OPINION:
HARRIMAN VS. HILL: WALL STREET’S GREAT RAILROAD WAR
By Larry Haeg
University of Minnesota Press, $29.95, 375 pages
At last, someone has written one of the extremely rare well-balanced narratives about the history of America’s railroads and the pioneer entrepreneurs who built them.
The “steel wheels on steel rails” did encounter a messy launch as they went transcontinental in the late 19th century. It did not follow that their creators deserved the “robber baron” designation.
In “Harriman vs. Hill,” Larry Haeg lays it all out: James J. Hill, Edward H. Harriman, Jacob Schiff, J. Pierpont Morgan (the four principals in this real life drama) and others of their ilk had many of the shortcomings and attributes not unknown amongst the human race in an imperfect world. No, they did not shy from “making a killing” on the market for their investments. “Would you?” the author seems to ask.
“Class hatred” as some have labeled it, derived not so much from the fact that the railroad moguls had managed to accumulate wealth. Rather it was that some of them flaunted it, and that is what set off the muckrakers of more than 100 years ago (as for example, targeting J. Pierpont Morgan’s multi-week trips to Europe on a “high end” shopping spree for rare works of art.)
Mr. Haeg finds fault with much of the legislation aimed at curbing excesses in the marketplace that had generated pushbacks in the early 20th century “progressive era.”
Take for example, the landmark Sherman Anti-Trust Act, depicted in this book as lacking “clarity” — failing to distinguish between reasonable and unreasonable “restraint of trade.”
A narrow division among the Supreme Court justices very early in the 20th century ultimately played a key role in determining how America’s transportation system would emerge by the century’s end.
That issue and ancillary concerns were at the center of lawsuit against the railroads by the T.R. “Teddy” Roosevelt administration. At the center of the litigation was Northern Securities, a “holding company” for Great Northern and Northern Pacific railroads.
“Harriman vs. Hill” portrays the government case as somewhat weak. The two railroads did, in fact, compete against each other, but only to a limited extent. Otherwise, their interests were in different spheres, far more often than not serving different communities.
The outcome to the court case was 5-to-4 in favor of the government and against Northern Securities. Its twists and turns would have been familiar to 21st century students of the court.
The legendary jurist Oliver Wendell Holmes voted with the majority against Northern Securities, but only on what he saw as a thin but intractable technicality of law. His dissent reeked with strong criticism of the Roosevelt administration, while simultaneously upholding its bottom line position. Among other things, Justice Holmes suggested his majority colleagues on the court were partly influenced by their personal dislike of J.P. Morgan and James J. Hill (the latter was founder of Great Northern).
Some readers who venerate the memory of Teddy Roosevelt will be disappointed that Justice Holmes (who also occupies a favorable place in history) came to view the 26th president as a “pretty unscrupulous politician.”

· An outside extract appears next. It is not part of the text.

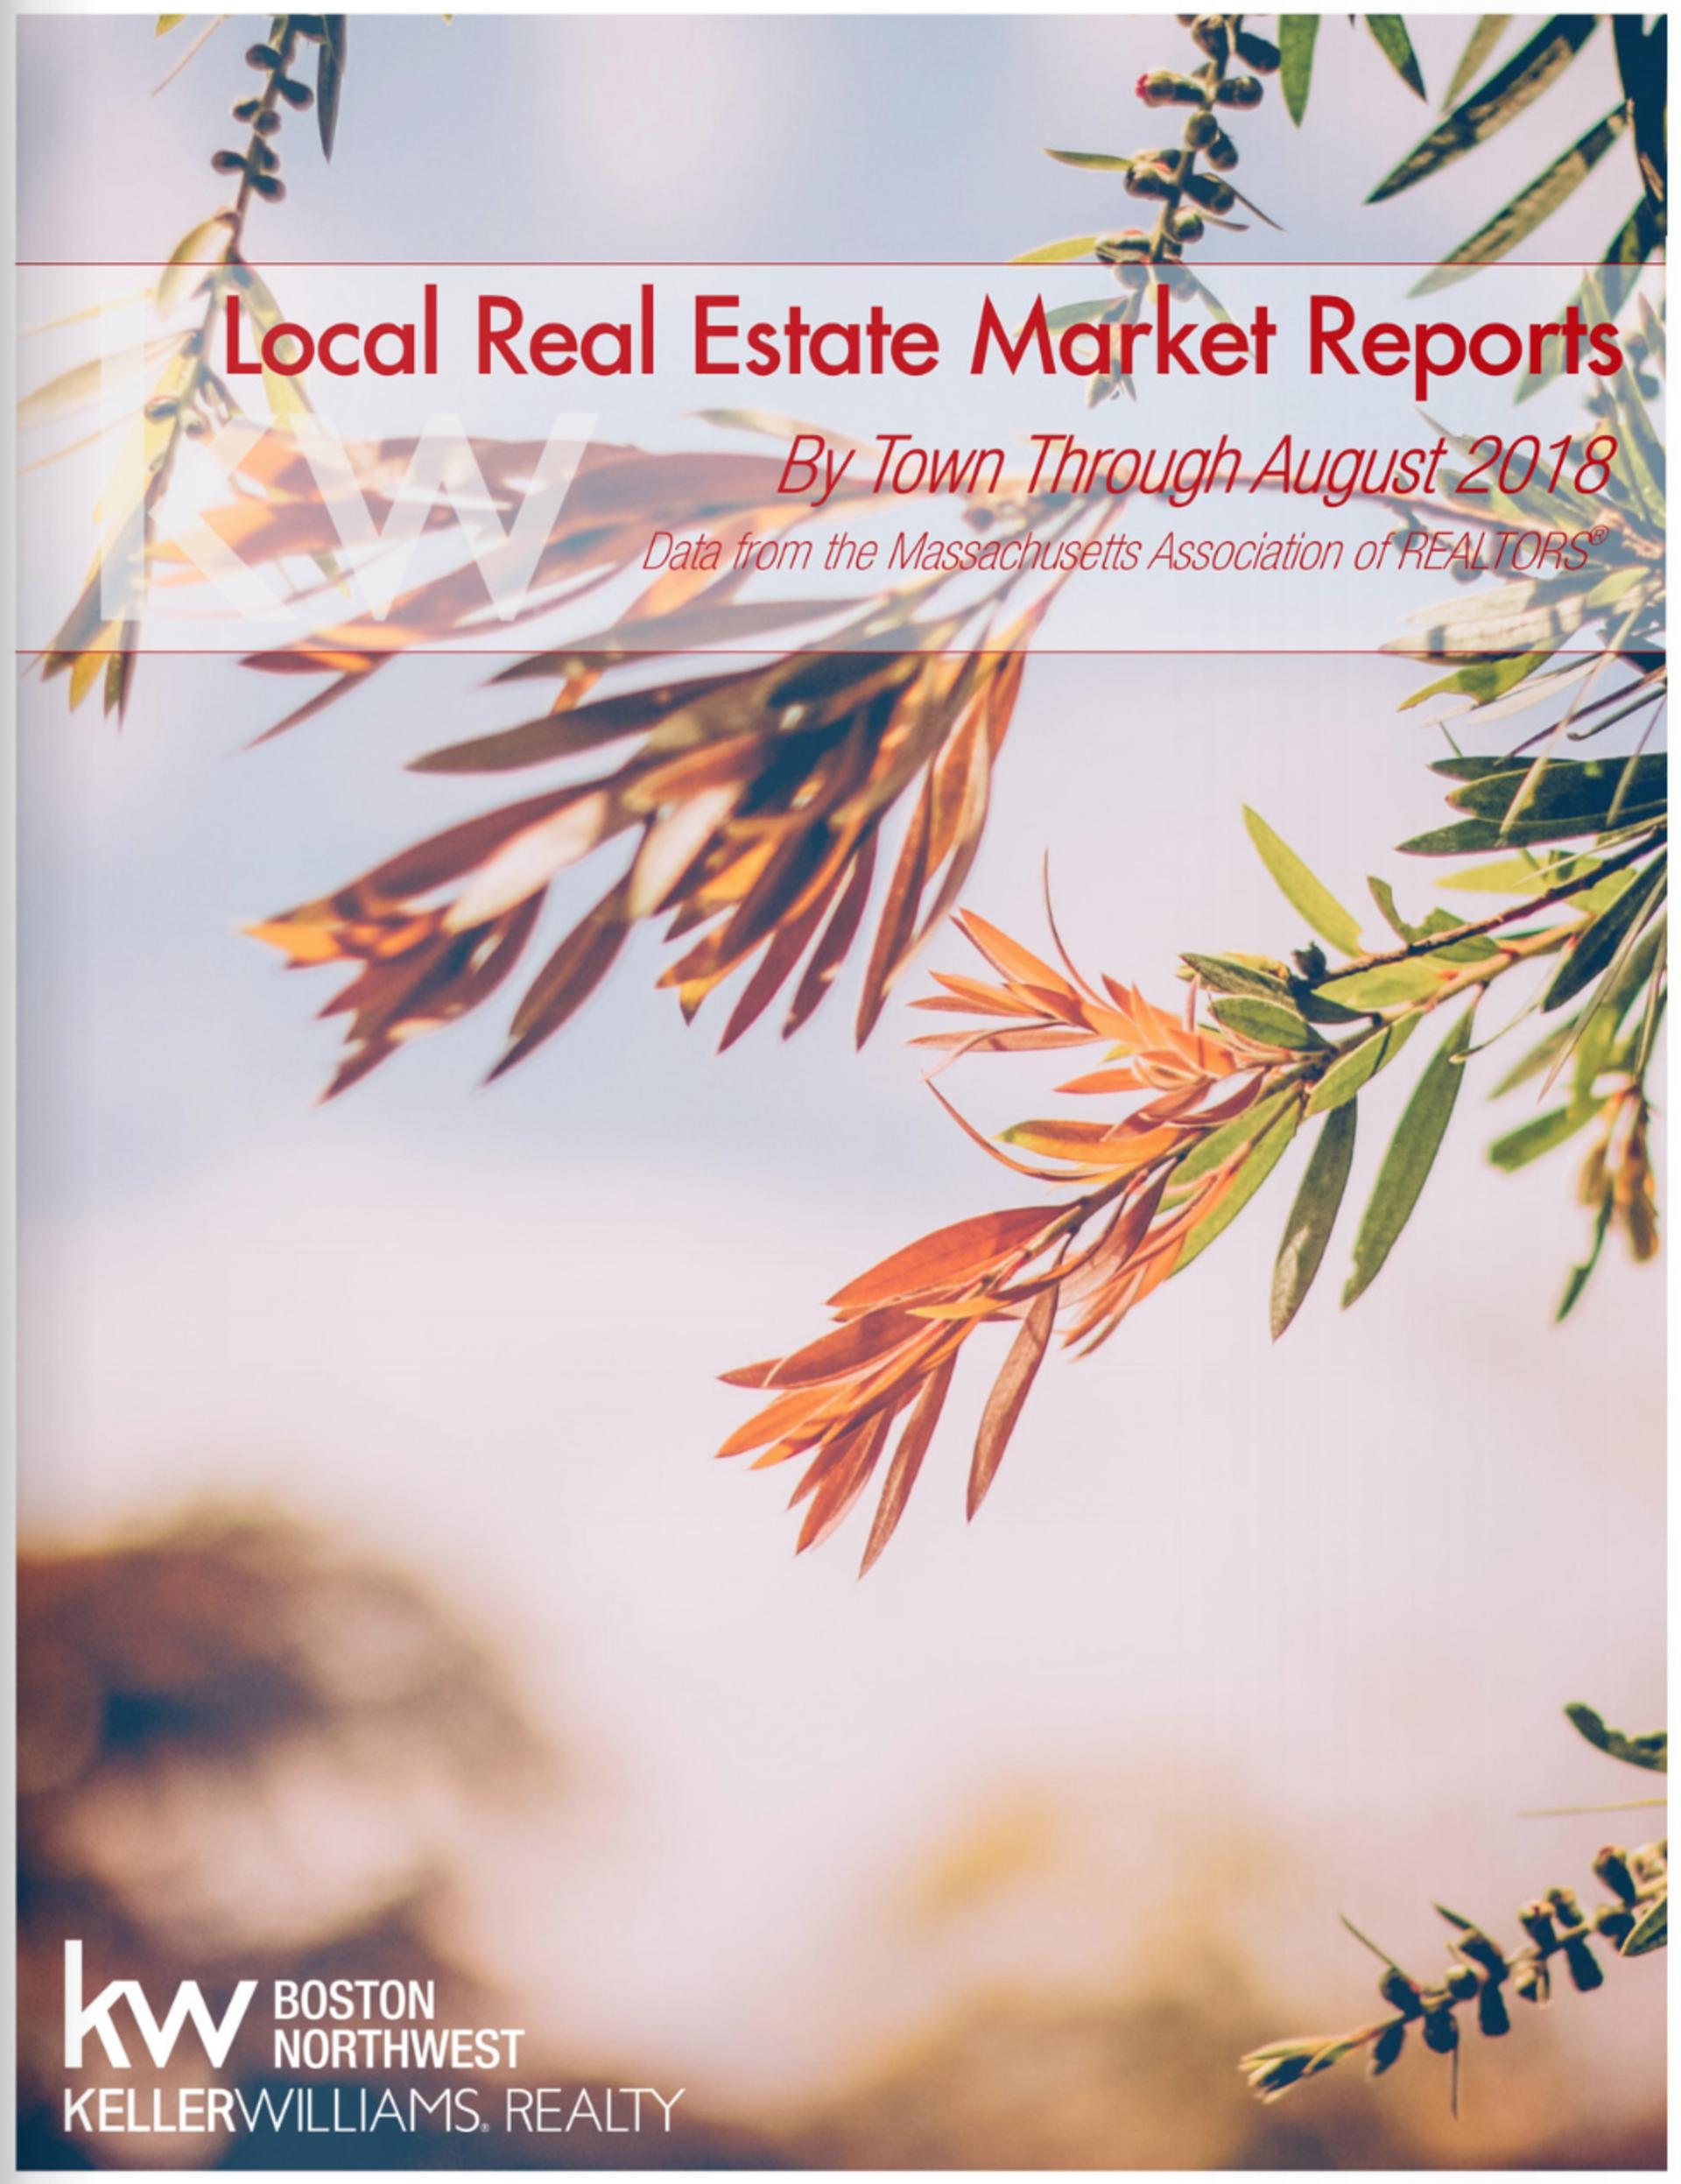 Market Report through August 2018

The major thrust of the author’s presentation comes down to this: Here we had a circumstance where a growing new industry whose builders remade America into a prosperous economic giant, attracting millions of jobs and enriched the lives of many, and a result was a drumbeat of demonization of their private-sector leaders.
Attorney General Philander Knox tried to quell the witch hunt “but it was too late,” says the author. The open season on transportation innovators was on. Editors, politicians and regulators piled on. The New York Times piled on: “Nothing but the contemptible hypocrisy and cowardice can now restrain the Administration from letting loose all the dogs of war upon the guilty restrainers of trade.”
The government, or in Mr. Haeg’s words “bureaucratic central planners and distorters in disguise,” embarked on what turned out to be a half century stranglehold on the railroads, deeming them to be “federal instrumentalities.”
To compound the offense, “they showered public subsidies of money on [highways, waterways and airlines] and deprived the railroads of their ability to decide how much money they could charge for their service.”
As the Interstate Commerce Commission (ICC) and other federal bodies micromanaged or sought to micromanage the railroad industry, the newer competitors benefited.
Mr. Haeg sums it up: “Trucks became faster, bigger, more efficient, with pneumatic six-cylinder engines … and semi-trailers loaded on flatbed railroad cars. Then came container shipping and the federal interstate highway system, and five-axle eighteen wheelers … . The final indignity was that rack trucks, not railroads ended up hauling most of the new cars … .”
Could the transportation mix have ended up much differently today with a more level official playing field in those early years? One can only speculate.
Wes Vernon’s career with CBS radio ended after 25 years. He writes a column for Railfan and Railroad magazine.